I’m stuck on when it’s valid to combine Pythagoras in 3D. Suppose I have a rectangular box 10 by 6 by 8. Let M be the midpoint of the vertical edge at the front-left (so halfway up that corner), and I want the straight-line distance from M to the opposite top-back-right corner.
My first instinct was to do it in two steps: base diagonal first, then use the height. I got base diagonal sqrt(10^2 + 6^2) = sqrt(136), and then I used the full height 8, giving sqrt(136 + 8^2) = sqrt(200). But then I realized M is halfway up, so maybe the vertical difference is 4, not 8, which would give sqrt(136 + 4^2) = sqrt(152).

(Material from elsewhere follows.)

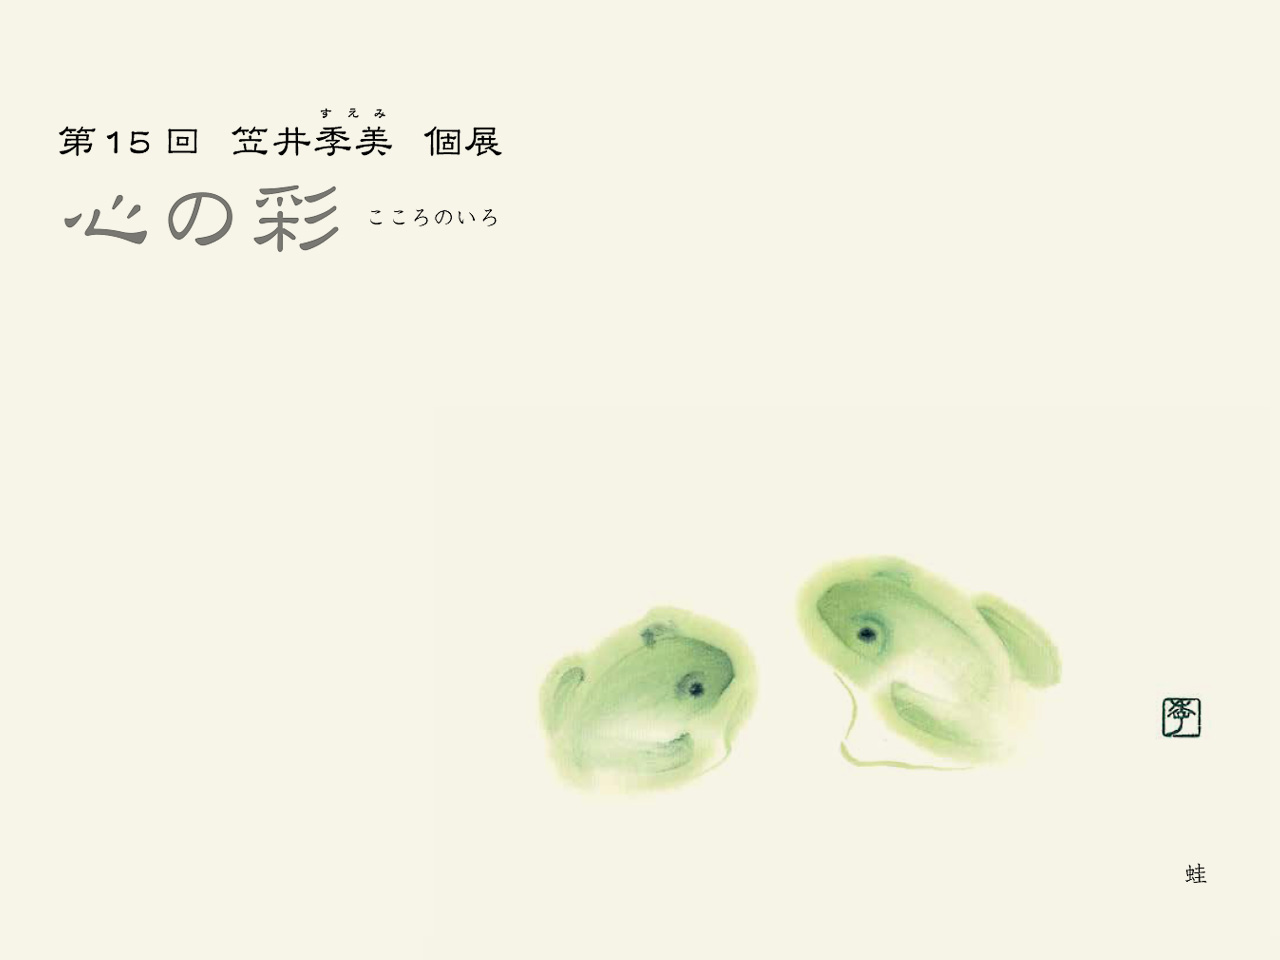 案内状 笠井季美個展「心の彩」

Here’s my confusion: is it even valid to pair “half the height” with the full base diagonal like that? The base diagonal seems to connect two bottom corners, while my start point is halfway up, so I’m not sure that triangle is actually a right triangle with the distance I want as the hypotenuse.
Can someone explain which right triangle I should be using here (and why it’s right-angled)? A quick, clean way to set this up without overcomplicating it would really help.
















3 Responses
Yup-set coordinates so M=(0,0,4) and the opposite corner is (10,6,8), then the distance is sqrt((10)^2+(6)^2+(8−4)^2)=sqrt(152); equivalently, the horizontal separation is sqrt(10^2+6^2) and the vertical difference is 4, and those are perpendicular (vertical vs horizontal), so Pythagoras applies. Hope this helps!
I think the clean way is to use the 3D distance: from M=(0,0,4) to the opposite corner (10,6,8), the horizontal leg is the base diagonal sqrt(10^2+6^2)=sqrt(136) and the vertical change is 4, so the distance is sqrt(136+4^2)=sqrt(152). Picture sliding horizontally to S=(10,6,4) and then straight up-horizontal vs vertical makes a right angle, so Pythagoras applies; quick refresher: https://www.mathsisfun.com/algebra/distance-3d-points.html
Yes-let H be the point directly below the opposite corner but at M’s height (10,6,4): MH is a purely horizontal base diagonal of length sqrt(10^2+6^2), HT is a vertical 4, they’re perpendicular, so MT = sqrt(10^2+6^2+4^2) = sqrt(152). I once kept using the bottom diagonal until a teacher said “slide then climb,” and drawing that little right triangle (horizontal slide, then vertical climb) finally made it click for me.